» Problem requirements
Output every line below exactly, please, omitting pictures.

» Dataset section
>>>>

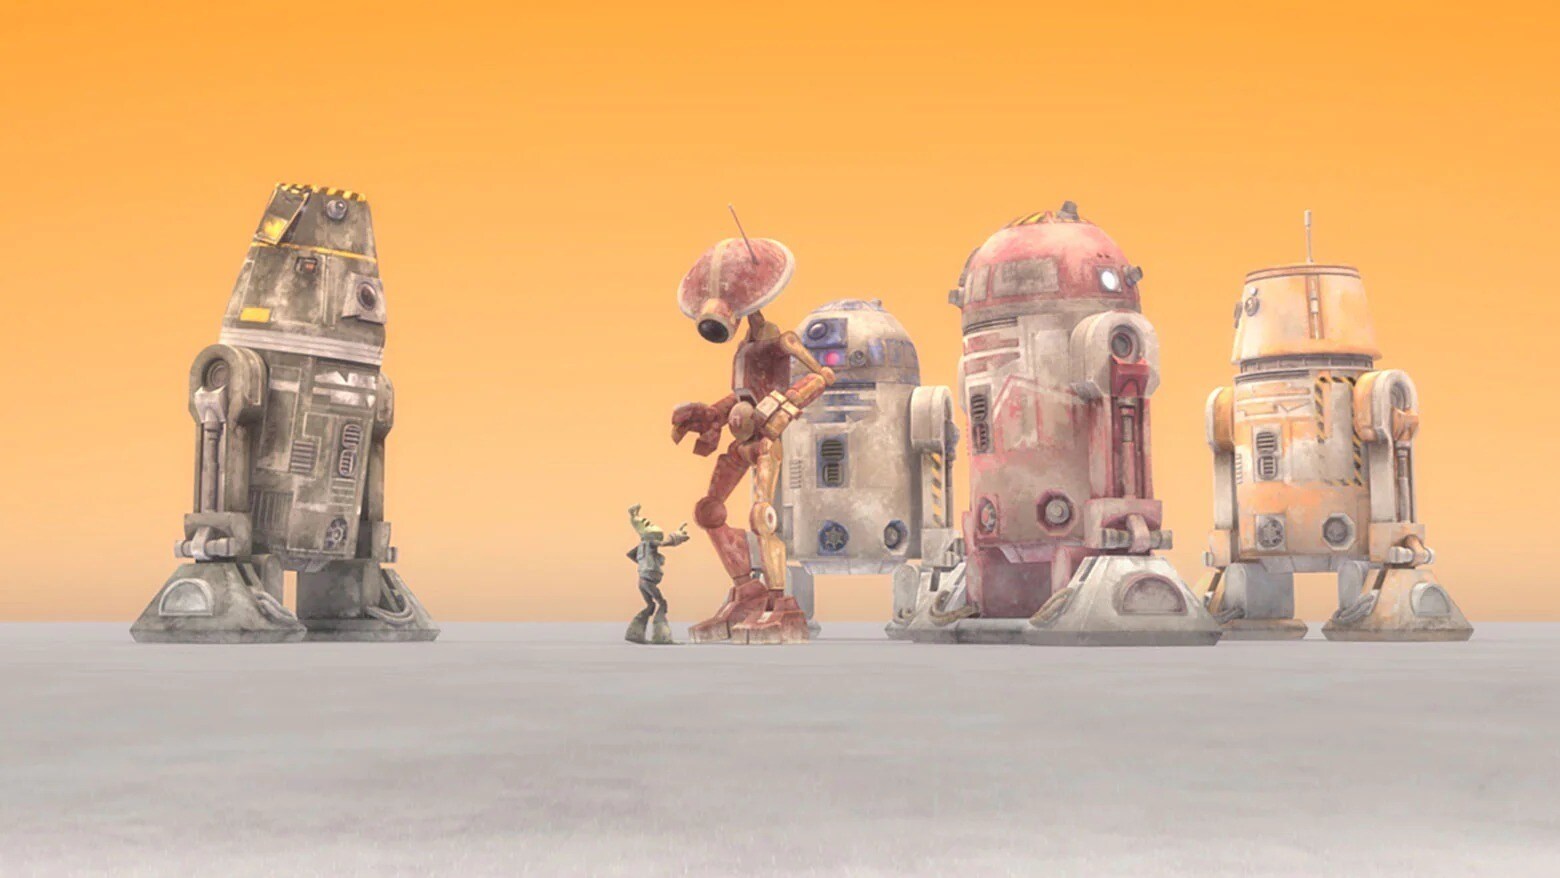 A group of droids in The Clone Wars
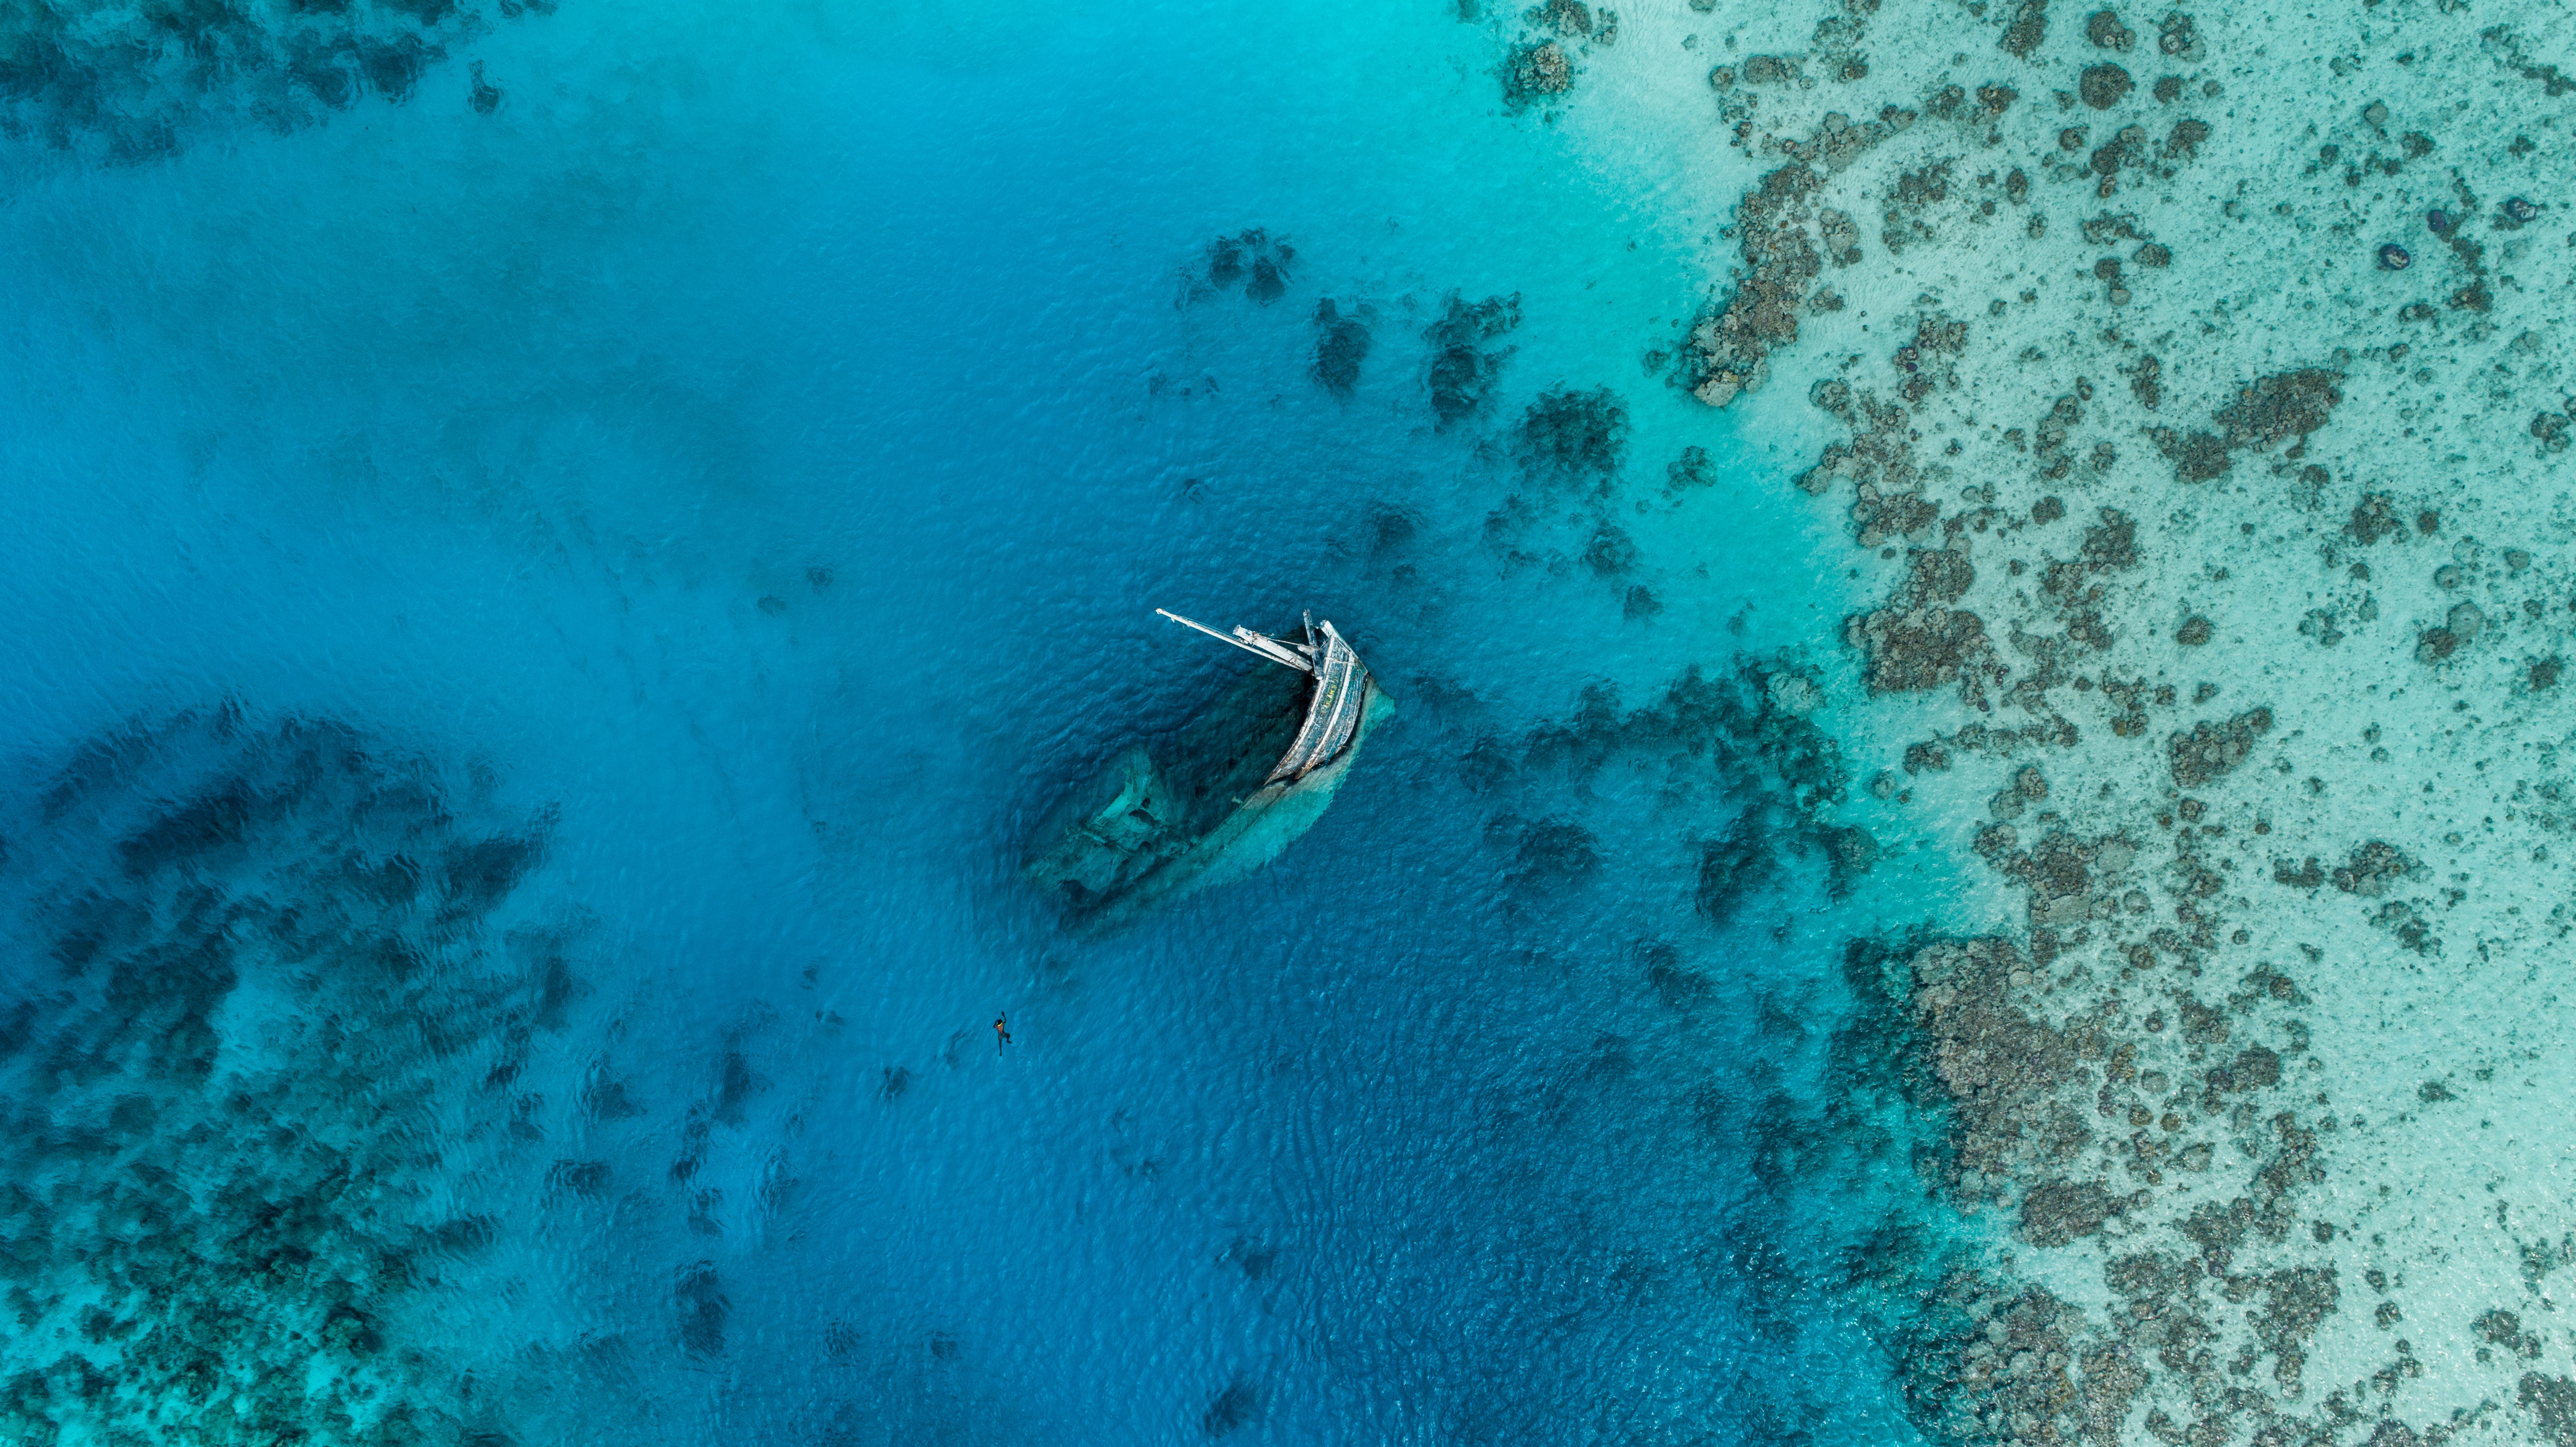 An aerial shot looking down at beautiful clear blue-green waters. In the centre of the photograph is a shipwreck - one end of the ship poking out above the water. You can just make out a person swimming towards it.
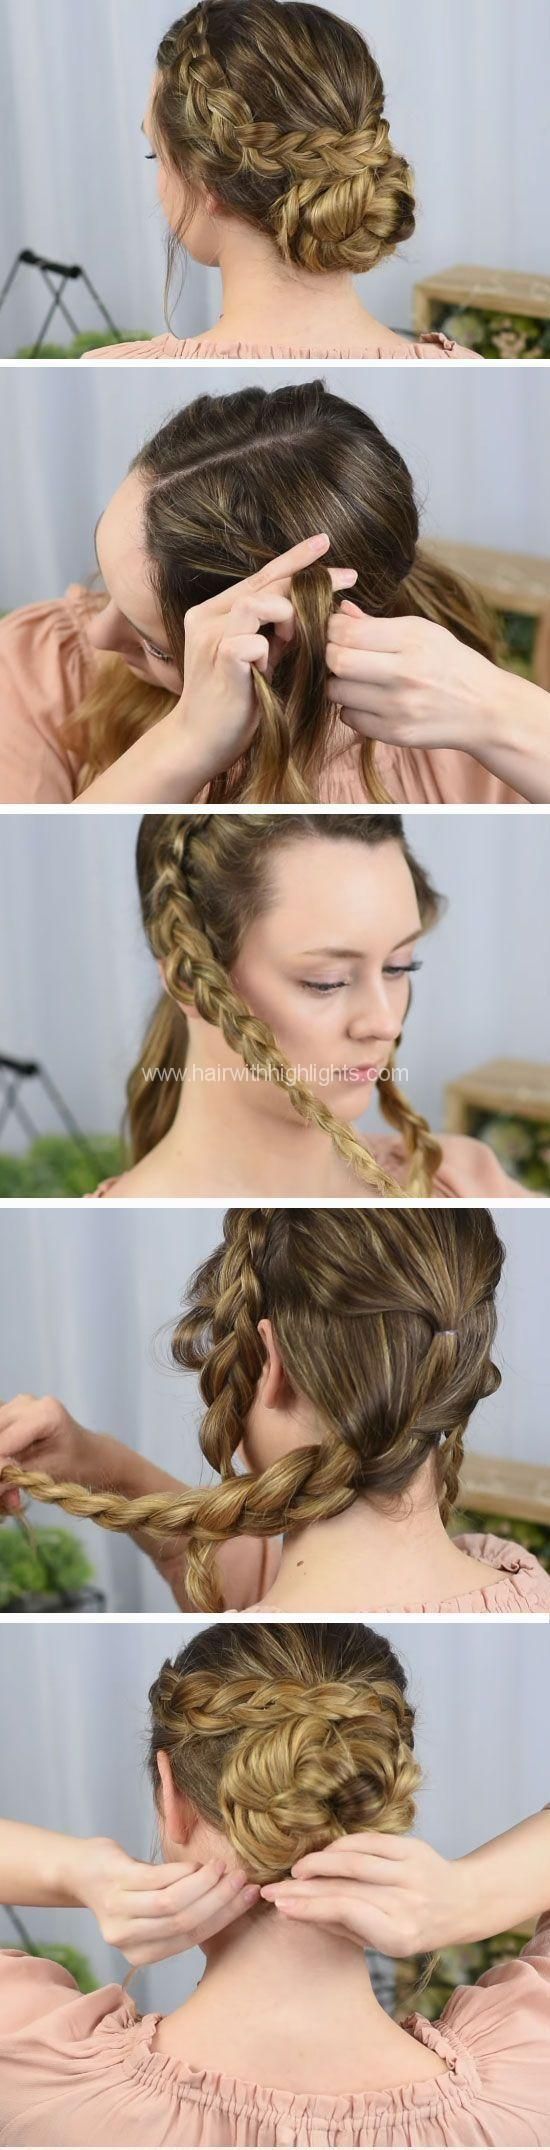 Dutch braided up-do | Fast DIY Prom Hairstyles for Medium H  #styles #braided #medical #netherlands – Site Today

<<<<

» Completed exercise
 A group of droids in The Clone Wars
 An aerial shot looking down at beautiful clear blue-green waters. In the centre of the photograph is a shipwreck - one end of the ship poking out above the water. You can just make out a person swimming towards it.
 Dutch braided up-do | Fast DIY Prom Hairstyles for Medium H  #styles #braided #medical #netherlands – Site Today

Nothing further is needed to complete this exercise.